The United Nations has received $500 million in pledges of assistance for victims of the Indian Ocean tsunami. Half of the total came in one chunk from the World Bank. Secretary-General Kofi Annan expressed satisfaction with the international response, but said no amount will be enough.

Mr. Annan interrupted a winter vacation in the western United States to return to New York to head the world body's disaster relief effort.

He met Thursday with his emergency aid team, with ambassadors of affected countries and with the newly formed core group of aid donors led by the United States, Japan, India and Australia. He said he has been in close contact with Secretary of State Colin Powell to coordinate relief efforts.

"I spoke to Secretary of State Powell yesterday, as the announcement was made, and we've also spoken this morning," he said. "The core group will support the U.N. effort. We expect the core group to grow. There are other countries that have indicated a desire to join the core group, and it will be a good thing that we will have a real international effort, and it is clear that their purpose is to work with us and support the U.N. effort, and we're going to make it a truly international effort."

View of village destroyed by tidal waves at Kolachal, in southern Indian state of Tamil Nadu
Mr. Annan described the Indian Ocean tsunami as an unprecedented global catastrophe that requires an unprecedented global response. But he said the initial outpouring of assistance pledges had been very good.

"A total of half-a-billion dollars in assistance has been pledged or received, as well as contributions in kind," he said. " More than 30 countries have stepped forward to help, as have millions of individuals from around the world."

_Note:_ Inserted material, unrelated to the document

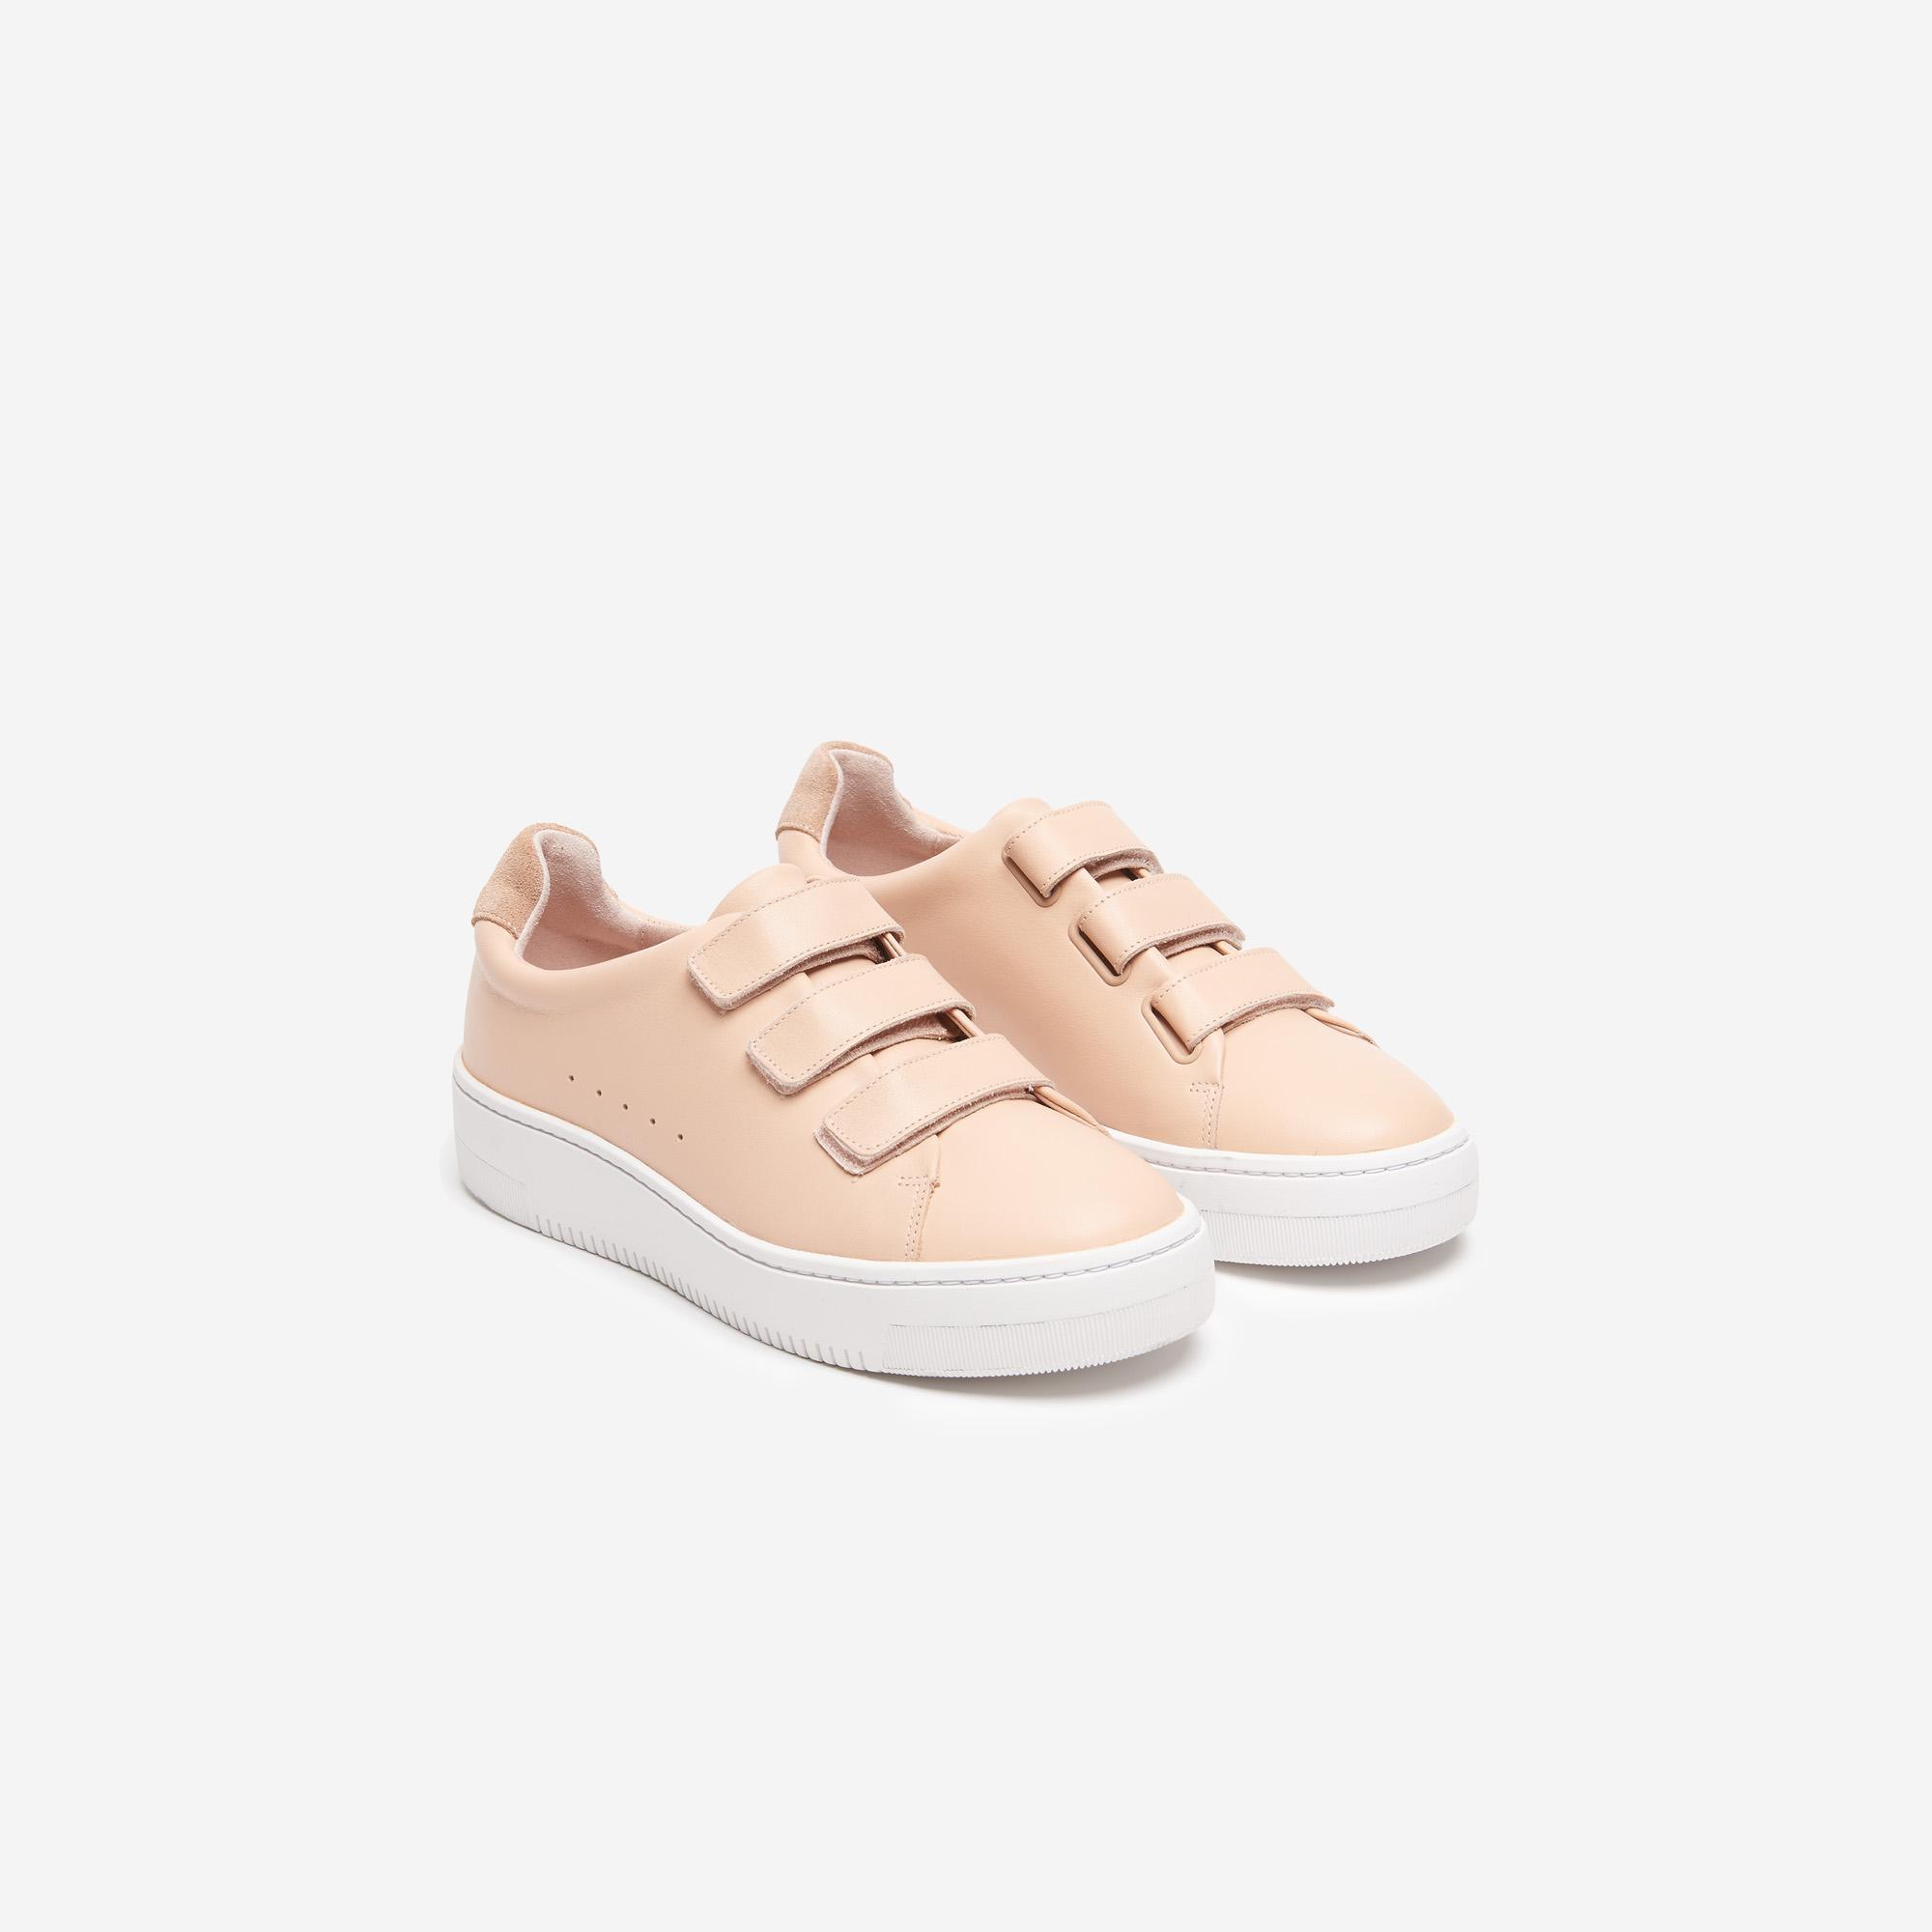 magasin en ligne 7a3ef fe530 basket sandro beige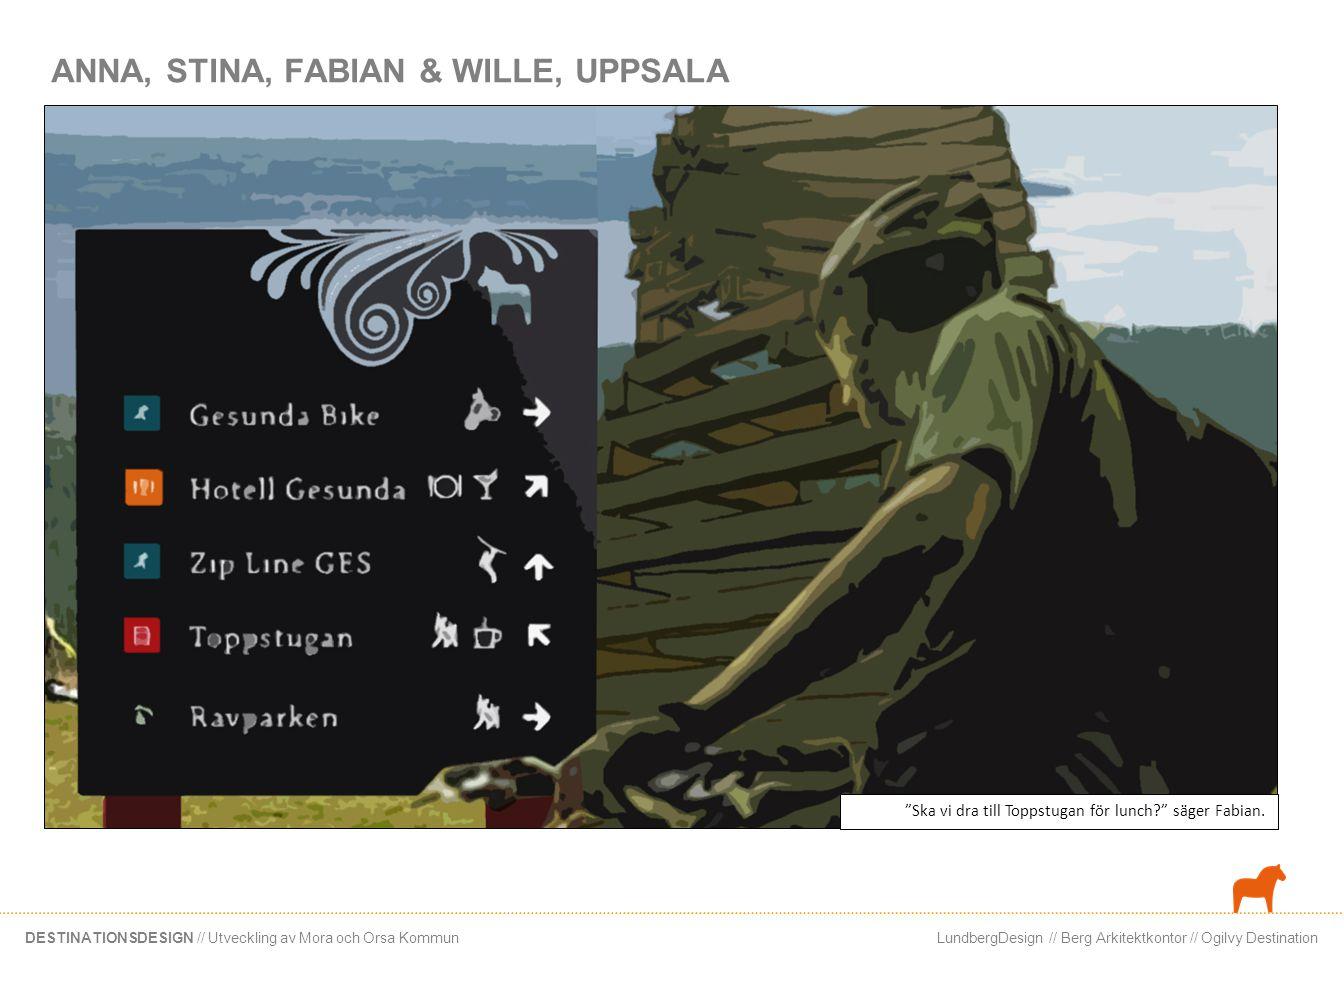 LundbergDesign // Berg Arkitektkontor // Ogilvy DestinationDESTINATIONSDESIGN // Utveckling av Mora och Orsa Kommun ANNA, STINA, FABIAN & WILLE, UPPSALA Skål för bra åkning idag! , säger Stina.

Mr. Annan said half the money pledged, $250 million, came in one donation from the World Bank.

The secretary-general and U.N. emergency relief director, Jan Egeland, outlined a massive aid distribution plan using the Thai capital, Bangkok, as its hub for moving goods to the worst-hit areas.

He commended the work of local Red Cross and Red Crescent Societies in providing immediate assistance, but admitted that, even with all the aid being offered, the international community's resources would be stretched thin. He admitted that the scope of the disaster is so large, everything that can be done may still not be enough.

"That is possible, because the needs are enormous," Mr. Annan noted. "And it is conceivable that one may not be able to fulfill every possible need of each of the countries and each of the coastal villages that have been destroyed. But we cannot forgive ourselves for not even trying, not even really making an effort to help people meet their desperate needs. Our common humanity demands it."

U.N. officials say a wider appeal for assistance is to be launched within a week, in hopes of raising several hundred million more dollars. That money would be intended to provide emergency aid over the next six months. A third appeal for several billion dollars is expected later, to finance reconstruction efforts.